5.4Vermogen naar kenmerken van huishoudens

Meer vermogen op hogere leeftijd

De levensfase van een huishouden is sterk bepalend voor de omvang van het vermogen. Jonge huishoudens met een hoofdkostwinner tot 25 jaar hebben nauwelijks vermogen. Dat wordt pas opgebouwd in de loop der jaren. De hoogste vermogens zijn dan ook te vinden bij de 65‑plussers. Ze bezitten vaak een eigen woning waar nauwelijks of geen hypotheekschuld meer op rust. Begin 2022 bedroeg het doorsnee vermogen van 65‑plushuishoudens 246 duizend euro. Van deze groep had 61 procent een vermogen van meer dan een ton en 24 procent had meer dan een half miljoen. Een negatief vermogen kwam bij 3 procent van de 65‑plussers voor. Bij jongeren tot 25 jaar was dat 45 procent.

5.4.1 Vermogen naar leeftijd hoofdkostwinner, 1 januari 2022*
Negatief 0 tot 100 000 euro 100 000 tot 500 000 euro 500 000 euro en meer
Tot 25 jaar 162,5 183,2 14 2
25 tot 45 jaar 501,1 897,7 912,1 150,8
45 tot 65 jaar 257 794,1 1267,5 607,2
65 jaar en ouder 68,3 823,3 853 543,7

Laagste vermogen bij eenoudergezinnen en bijstandsontvangers

Alleenstaanden hebben duidelijk minder vermogen dan meerpersoonshuishoudens; 18 duizend versus 218 duizend euro in 2022. Eenoudergezinnen waren het minst vermogend: in doorsnee 16 duizend euro. Paren zonder kinderen waren het meest vermogend. Met 252 duizend euro was hun doorsnee vermogen 14 duizend euro hoger dan dat van paren met kinderen (zie StatLine).

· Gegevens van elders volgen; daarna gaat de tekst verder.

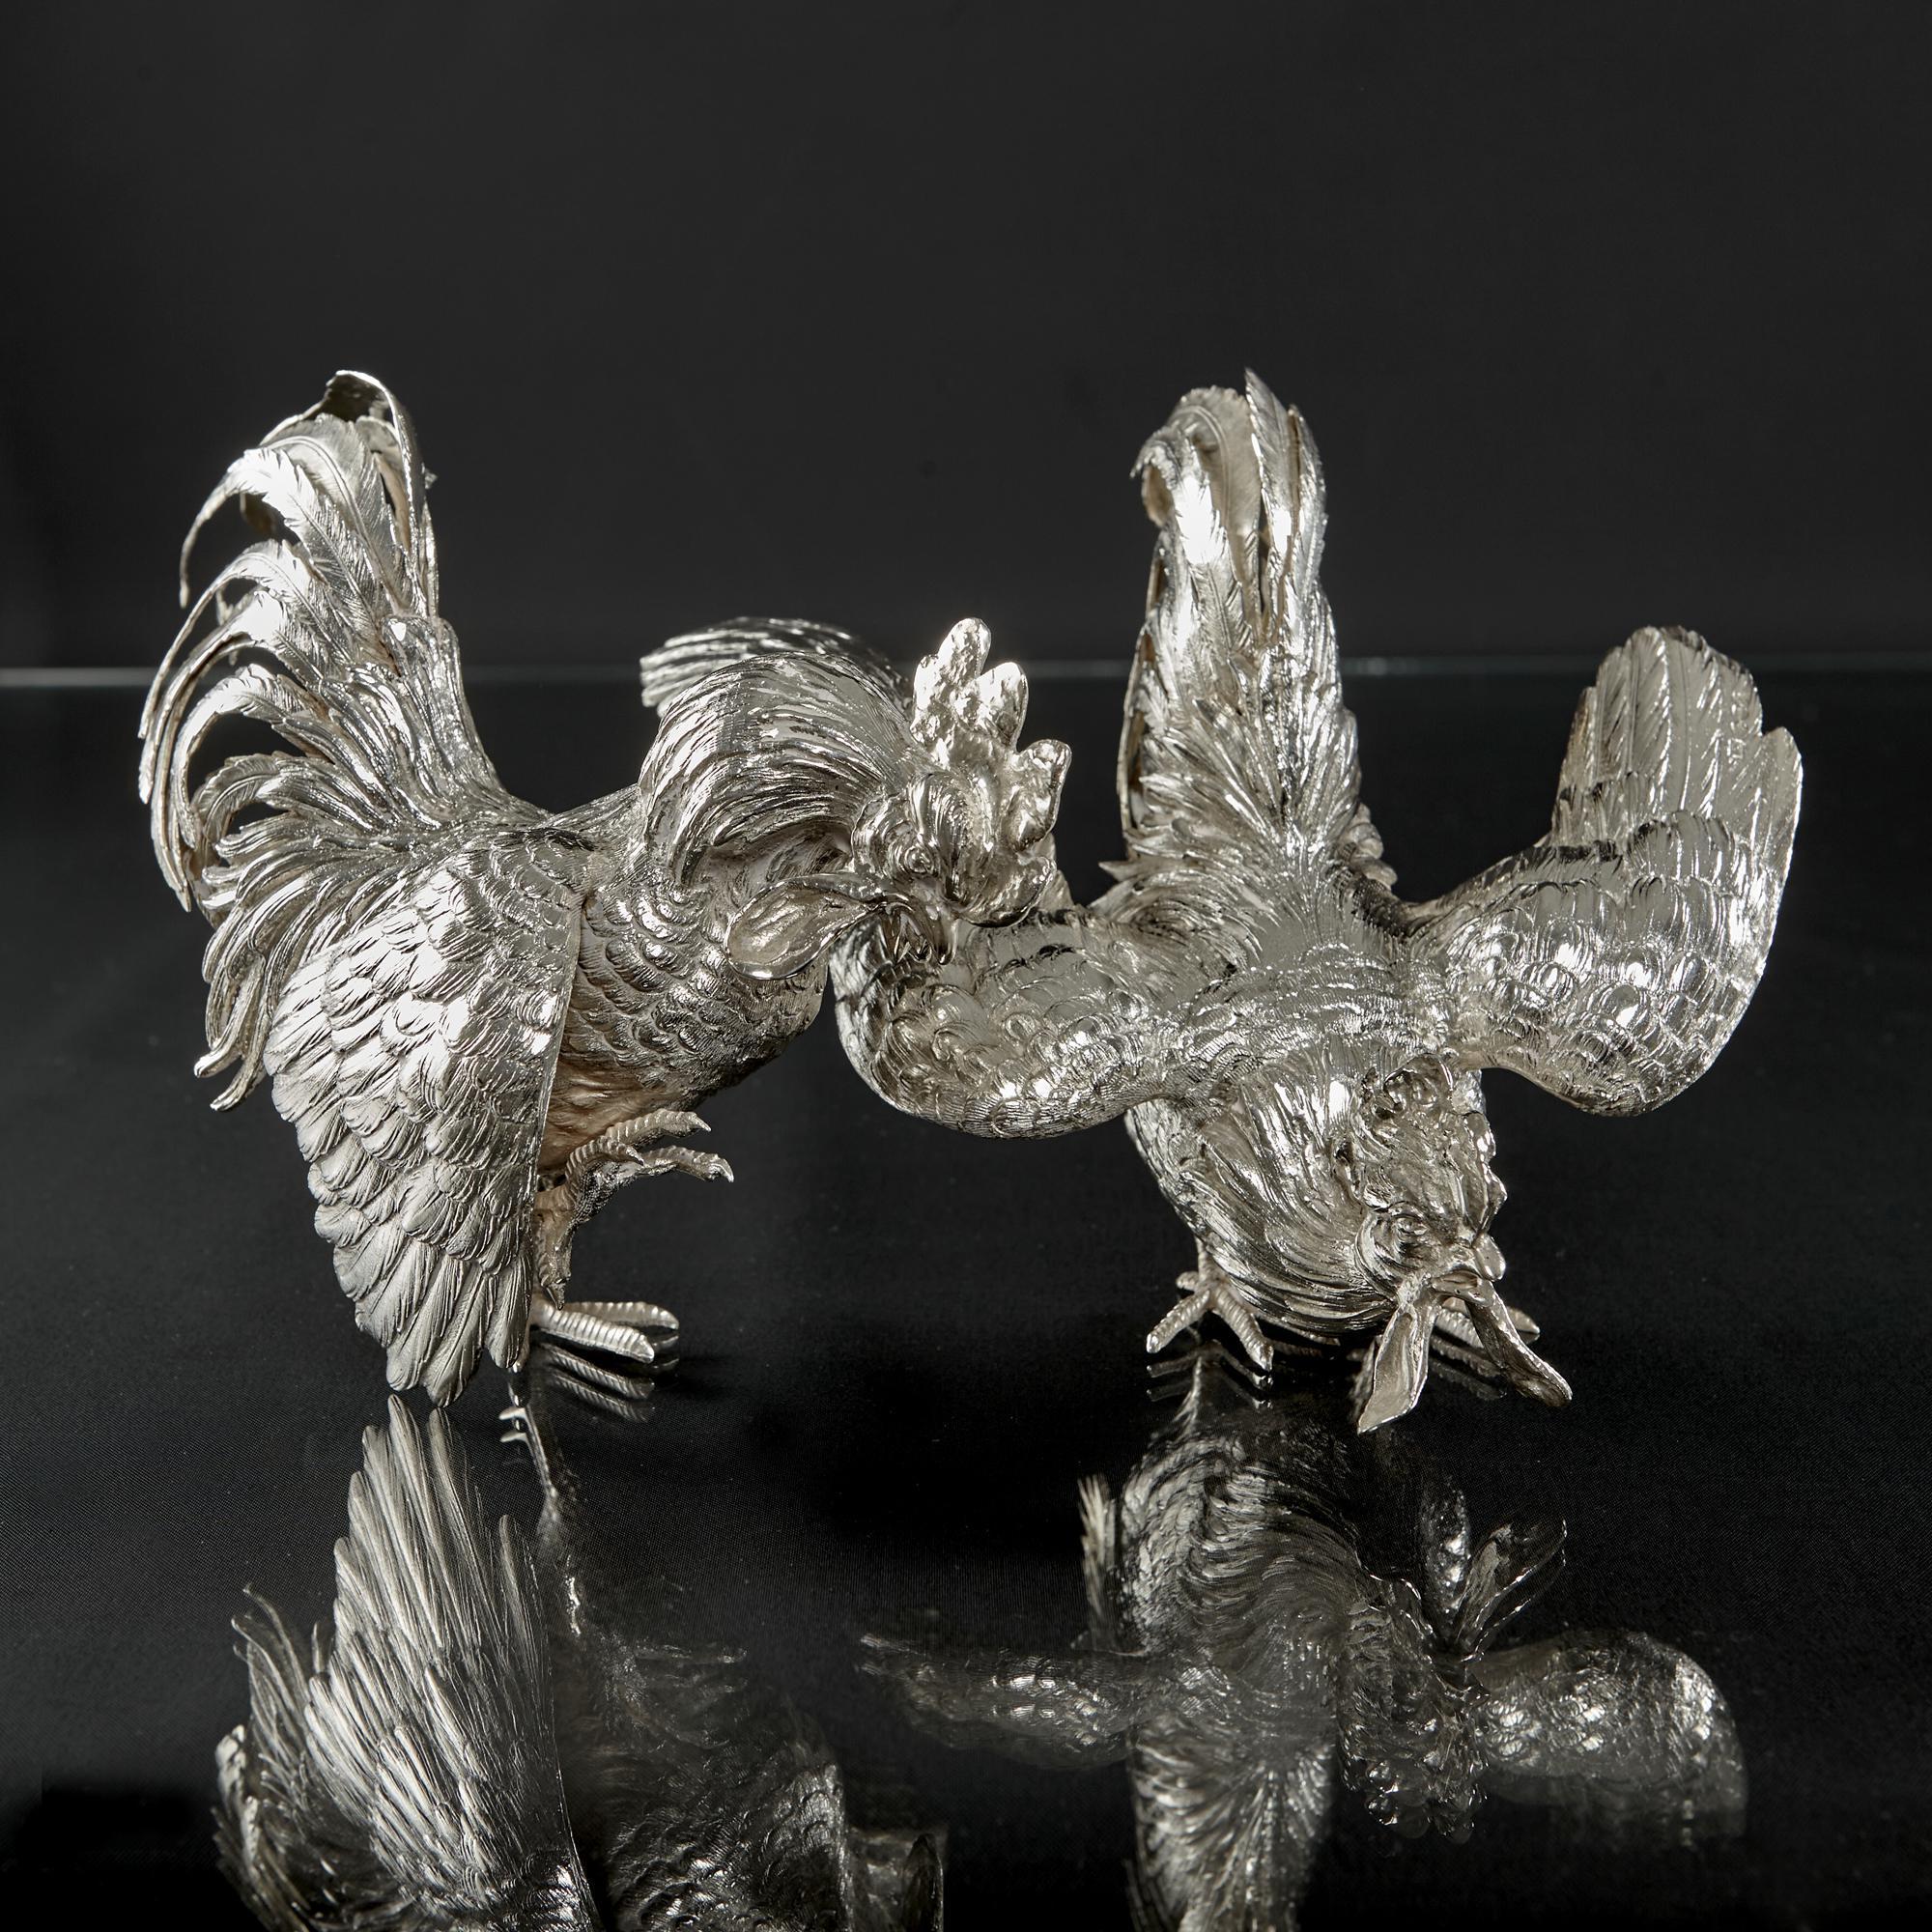 Pair of heavy quality cast silver cockerels in the traditional fighting pose. They are wonderfully modelled with a high attention to detail giving a lively and lifelike appearance. The tail feathers are individually hand cut and engraved to add an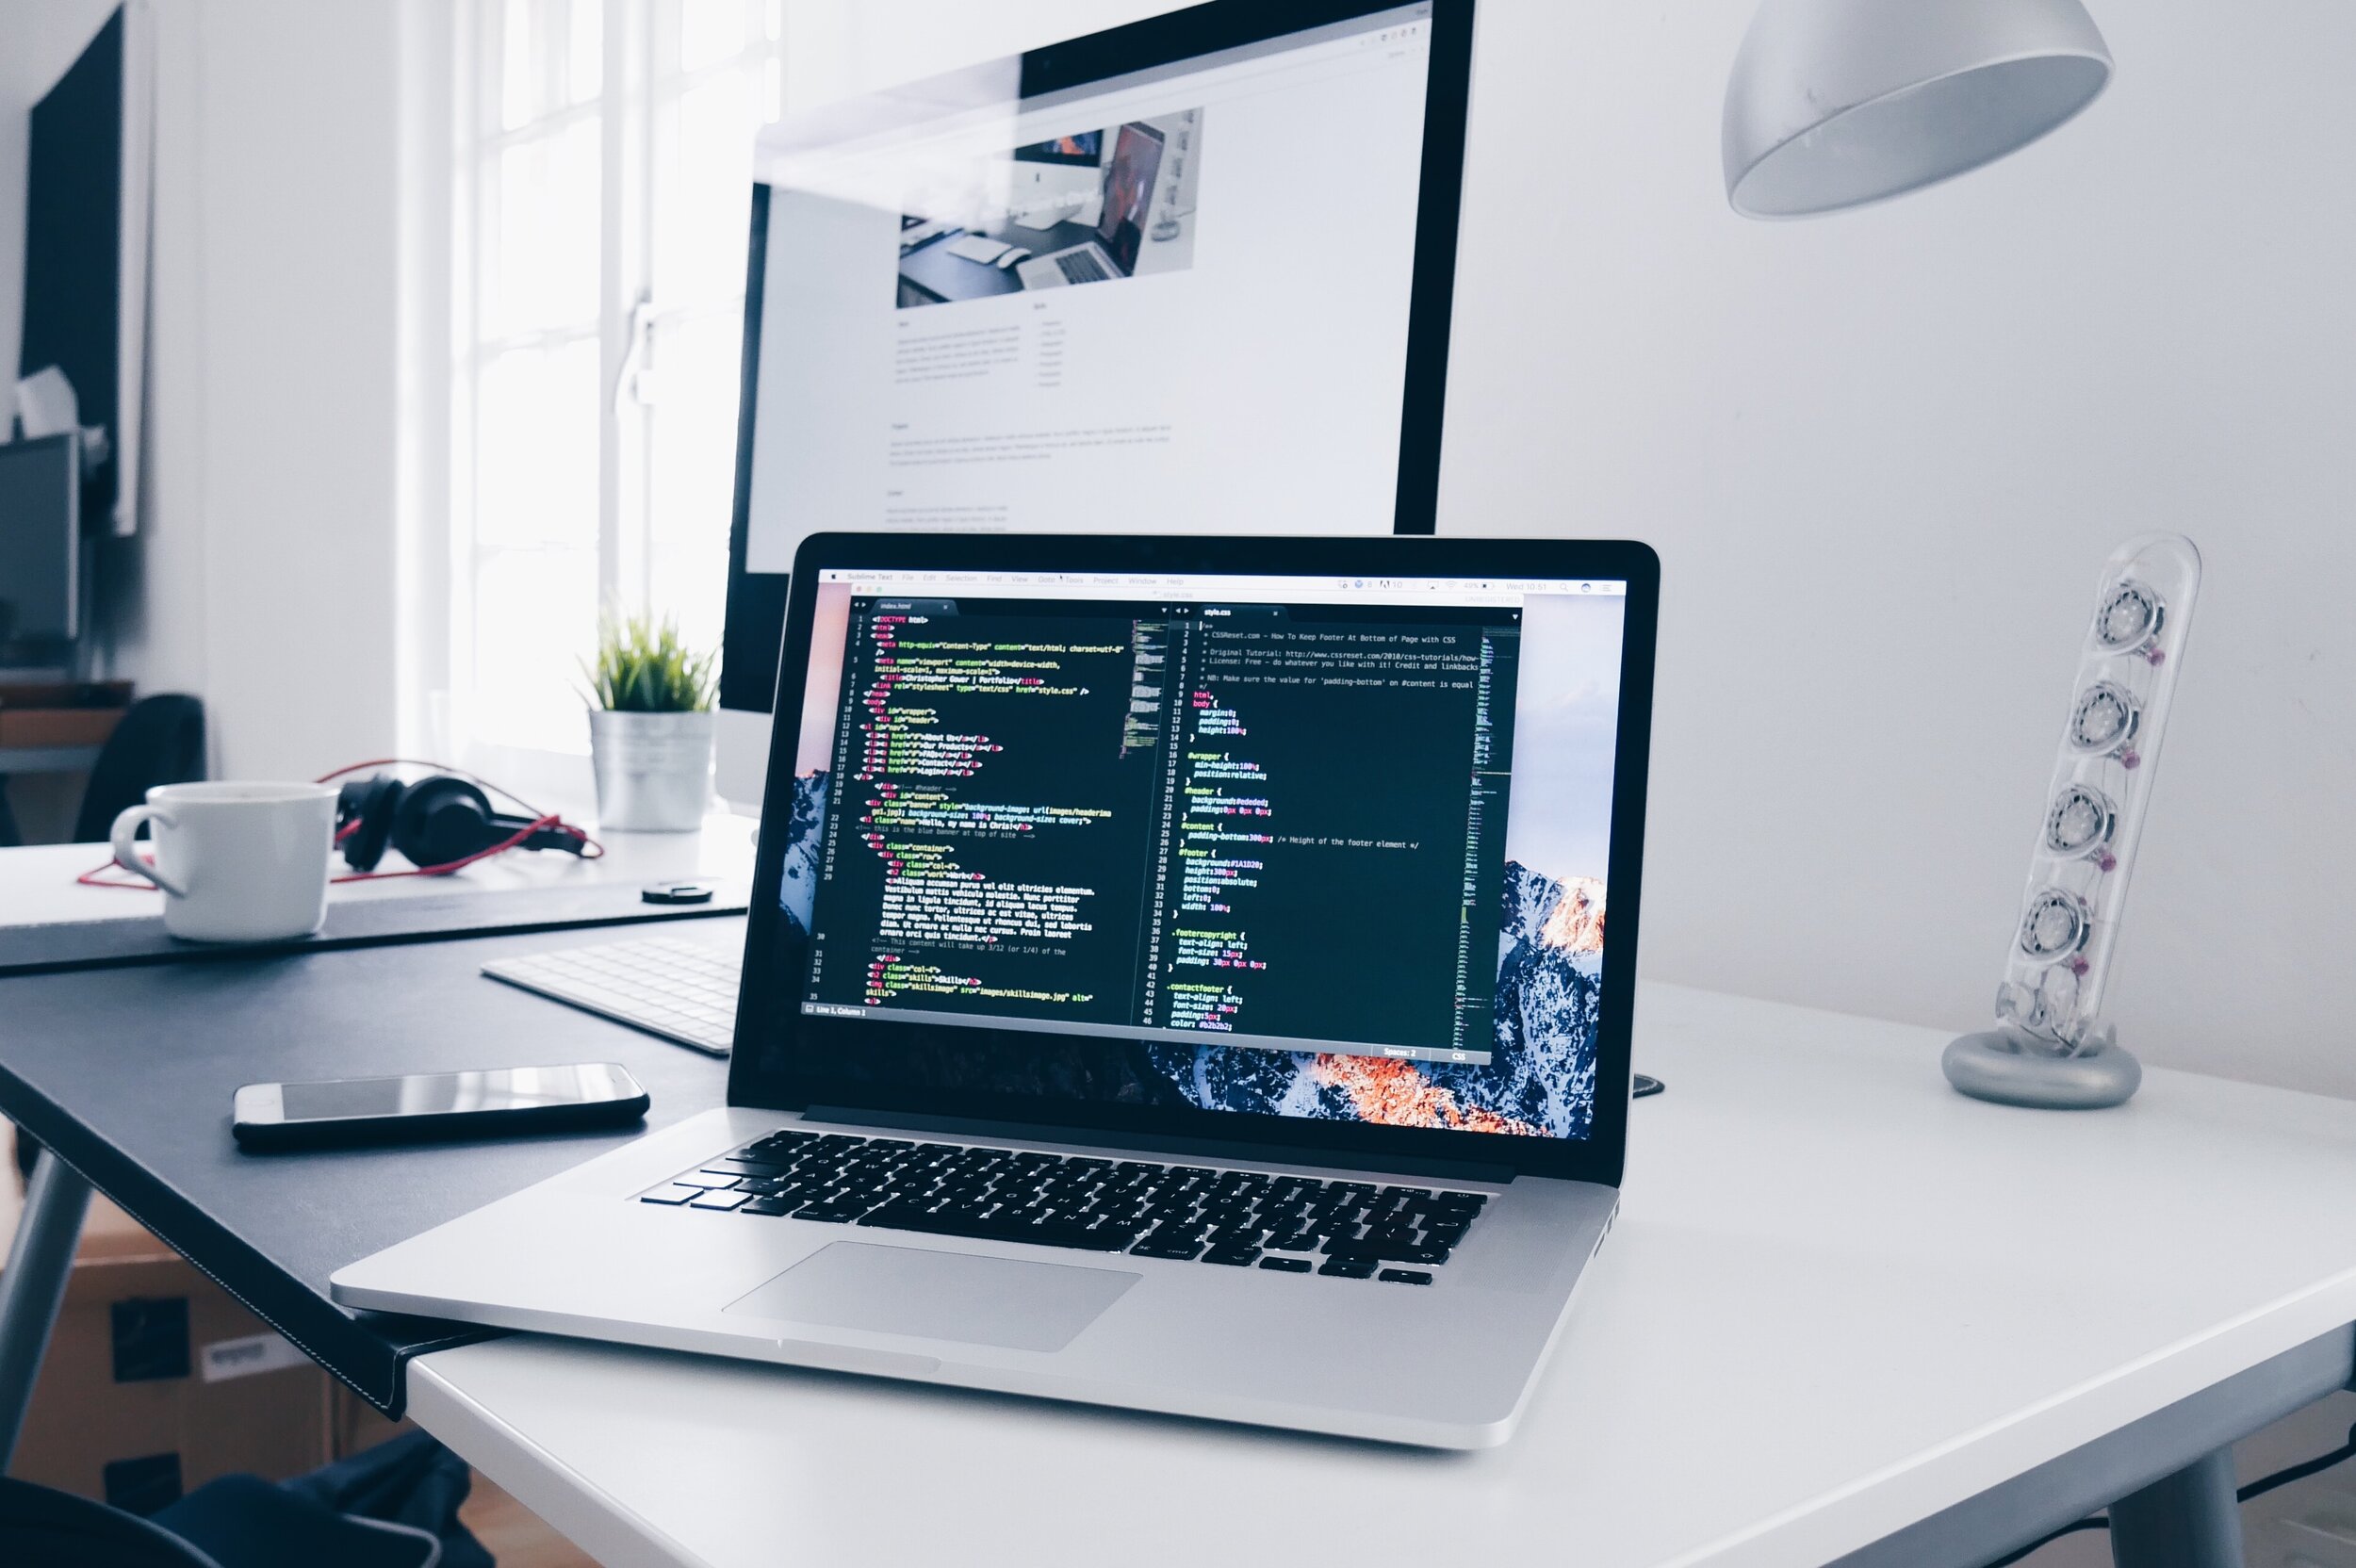 HERE ARE THE SKILLS YOU NEED TO BECOME A WEB APP DEVELOPER

Huishoudens met voornamelijk inkomen als zelfstandige hadden met 306 duizend euro meer vermogen dan werknemershuishoudens en uitkeringsontvangers. Werknemershuishoudens kwamen in doorsnee uit op 125 duizend vermogen. Huishoudens met voornamelijk inkomen uit pensioen zijn eveneens relatief vermogend (251 duizend euro), terwijl huishoudens in de bijstand nauwelijks vermogen hebben (600 euro).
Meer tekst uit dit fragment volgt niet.